Using paid, proprietary AI subscription services to build reo Māori and mātauranga models introduces serious risks of cultural appropriation, loss of control, and contested ownership.
Māori have always been quick to adopt and adapt new technologies. Much of our traditional knowledge is only now being recognised as innovative within contemporary scientific fields. So when ChatGPT and other AI tools appeared, it was natural that Māori communities began experimenting with them. We now see a range of custom large language models (LLMs) drawing on ChatGPT and other AI platforms, promoted as bespoke reo and mātauranga tools.
I have tested four custom mātauranga and reo Māori LLMs created by Māori. Two of them included Māori Data Sovereignty disclaimers and encouraged users to double-check outputs. All four, however, produced serious hallucinations that could easily mislead people who are not experts.
Most of these systems used the OpenAI ChatGPT stack to create their models. That means all the sacred mātauranga being uploaded and used is stored on servers in the United States, on infrastructure owned and controlled by US companies. As a result, that mātauranga is subject to the US CLOUD Act and other foreign laws, as well as internal company policies and privacy settings. We already know that some of these policies explicitly allow staff to audit data, and that certain employees outside your organisation may have access under defined conditions.
One of the AIs I tested was trained on Waitangi Tribunal reports. Marketed as an “expert” on Tribunal material, it confused Dr Hana O’Regan and Sir Tipene O’Regan, partially merging their identities. It also claimed that the Ngāi Tahu takiwā extended up towards Picton and partway along the East Coast of the North Island, instead of the recognised boundary past Kaikōura. The same system was confused about marae pepeha and stitched together mātauranga from across the motu, creating entirely false narratives.
Another AI, designed to support cultural learning and te reo Māori, provided incorrect information about one of my marae, Koukourarata. It stated:
“The marae is named after Koukourarata, the ancestral bay – itself a transliteration or adaptation of the name ‘Cook’s River’, given by Māori to commemorate early interactions with European navigators. Iwi: Primarily Ngāi Tahu, with strong affiliations to Ngāti Huikai.”

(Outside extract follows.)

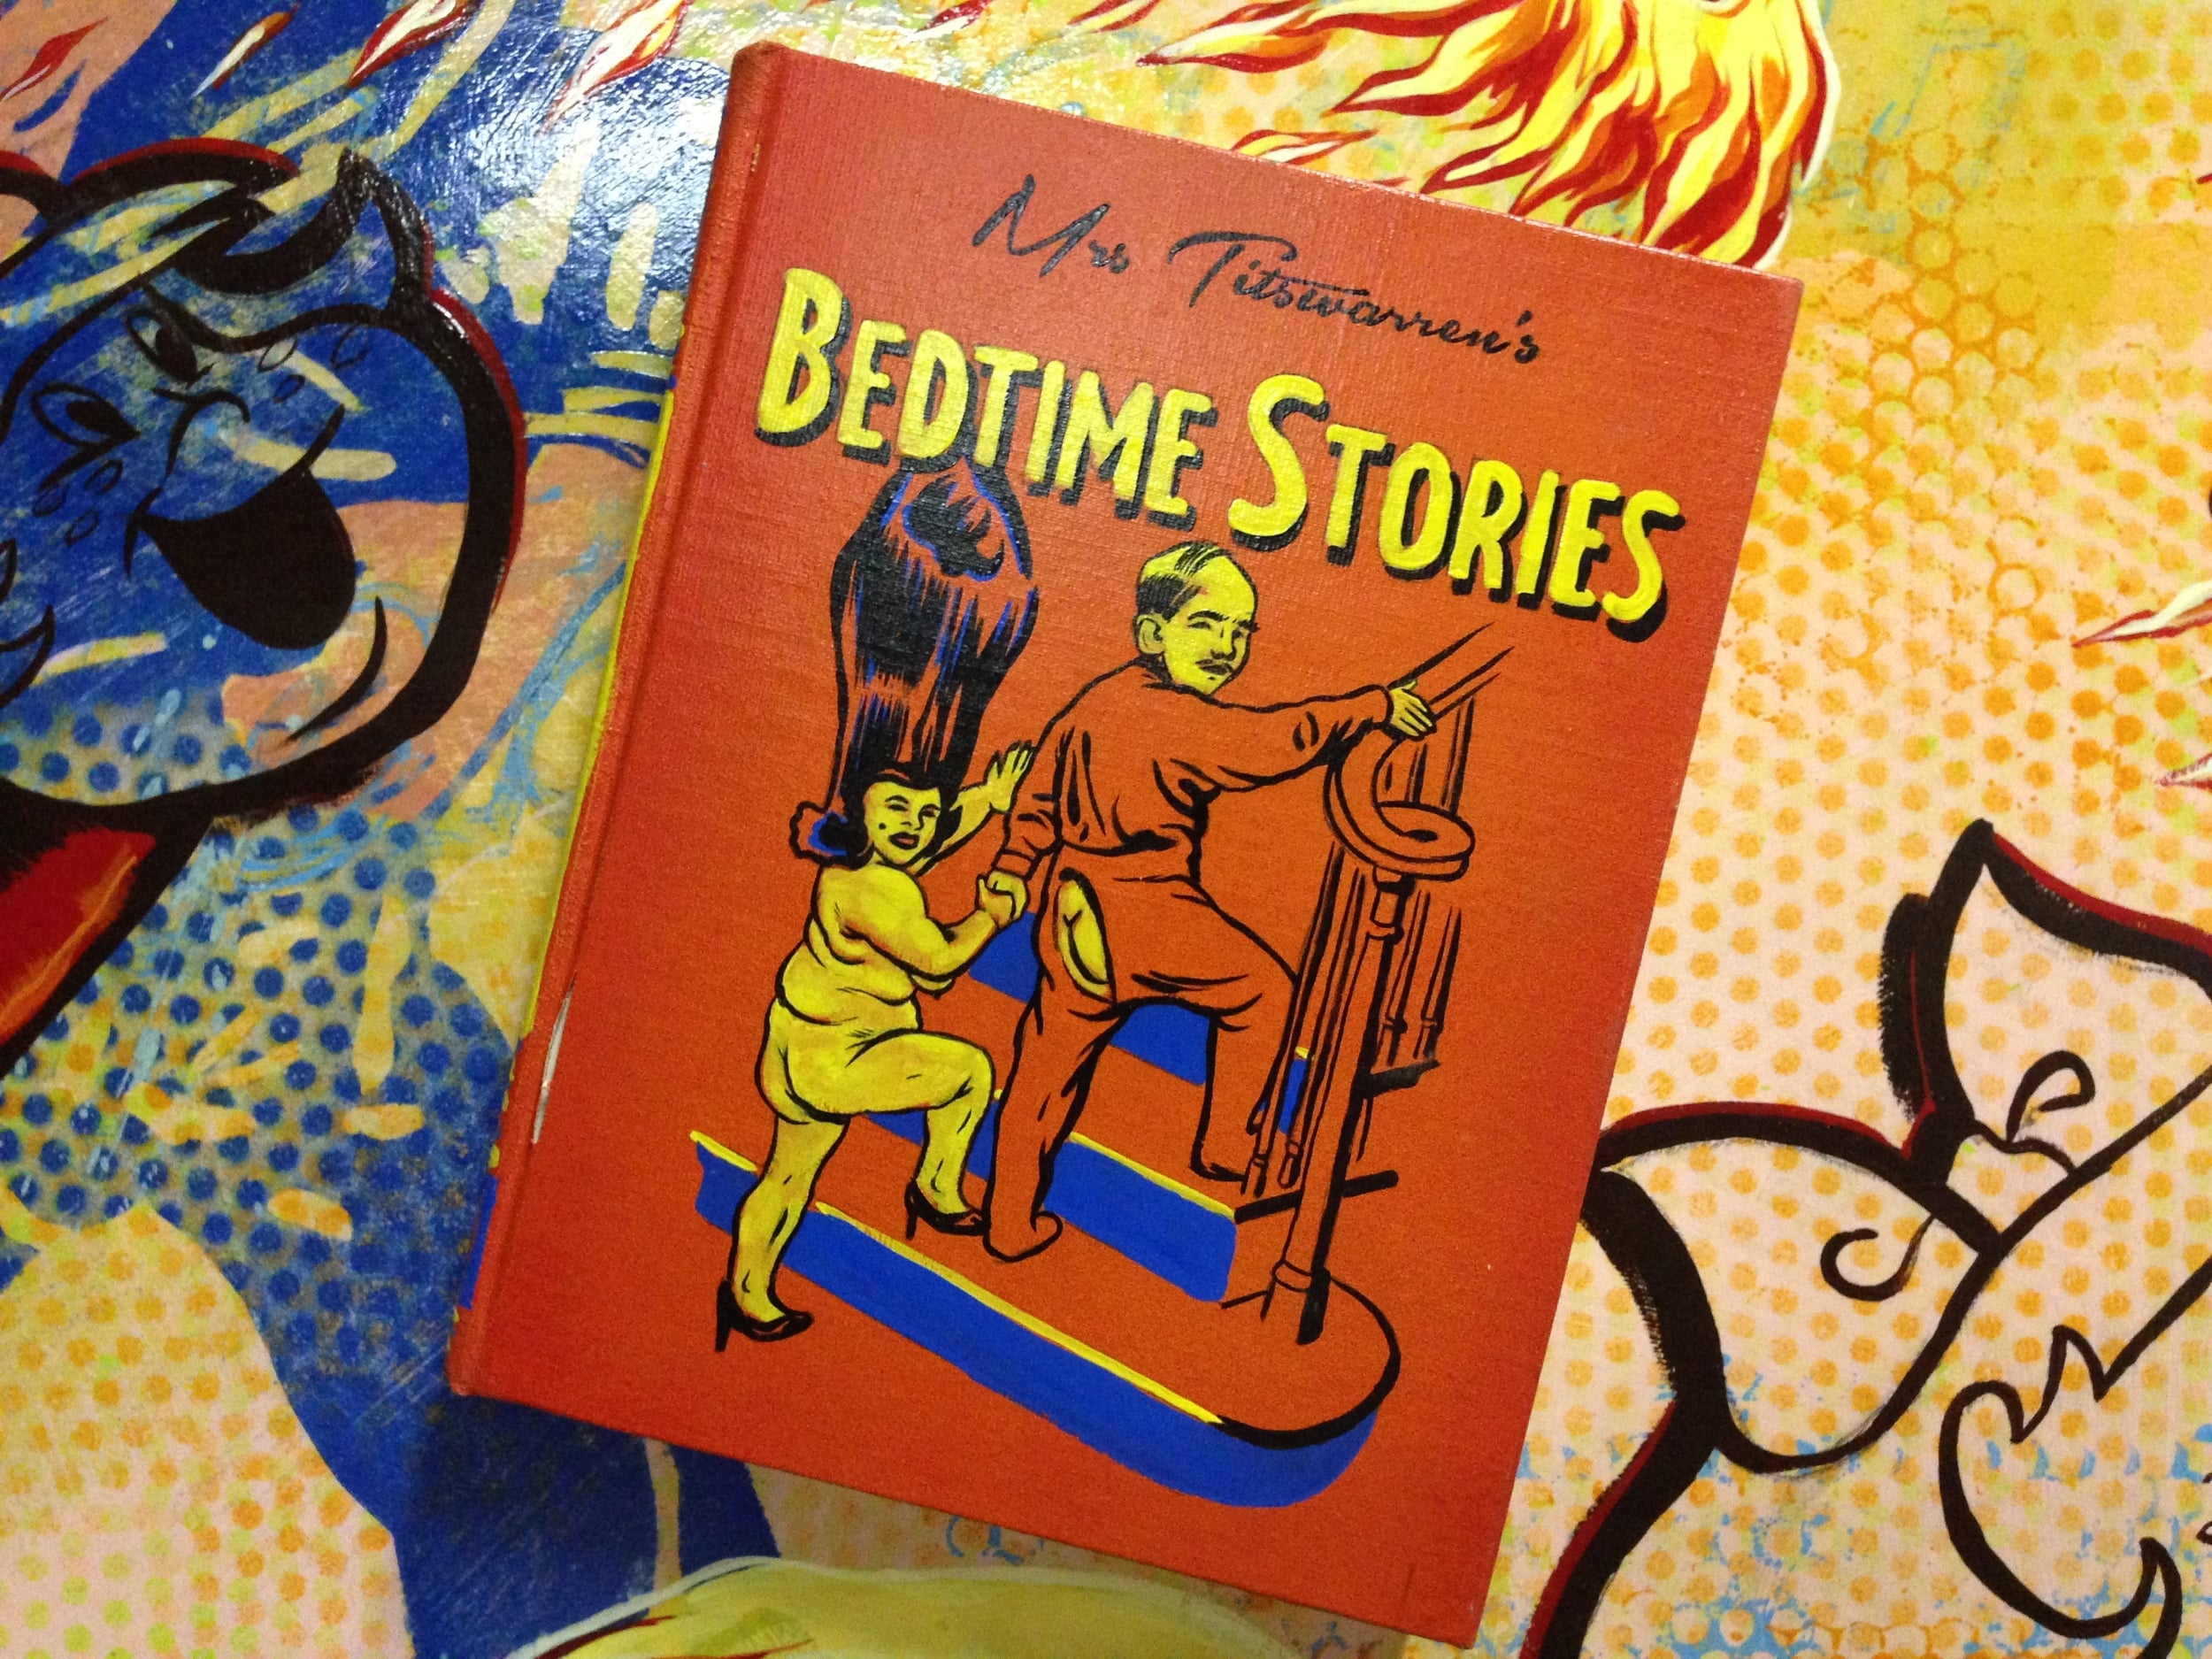 Mrs Titswarren Bedtime Stories (Book Detail)

There is no “Cook’s River” in the area. The name Koukourarata comes from a stream and refers to an historical moment in the hapū migration. Ngāti Huikai is a hapū of Ngāi Tahu, not a separate iwi.
The same AI, when asked about Māori leaders in reo Māori and AI, produced an answer about “Dr Anaru Keegan” while actually listing the work of Dr Te Taka Keegan.
A different AI, when I asked who I was, hallucinated that I am a female academic working at Te Whare Wānanga o Awanuiārangi, with whakapapa to Ngāi Tūhoe and Ngāti Awa. This appears to be a combination of poor training on Māori names (perhaps guessing from something like “Katrina”), partial knowledge that I studied at Awanuiārangi, and confusion with my supervisor’s name Taiarahia, which it treated as similar to my surname.
There are three key lessons in all of this:
1. Paying for a subscription does not protect your mātauranga. Once uploaded, it is no longer solely under your control and becomes subject to foreign laws, corporate ownership claims, and platform risk.
2. Even if current terms say that only certain staff under limited conditions can access your data, these are internal company policies that can be changed at any time without Māori consent.
3. Any medium to large organisation that takes privacy, sovereignty, and IP seriously is likely to see these arrangements as too risky in terms of data control, cultural safety, and long-term ownership of Māori knowledge.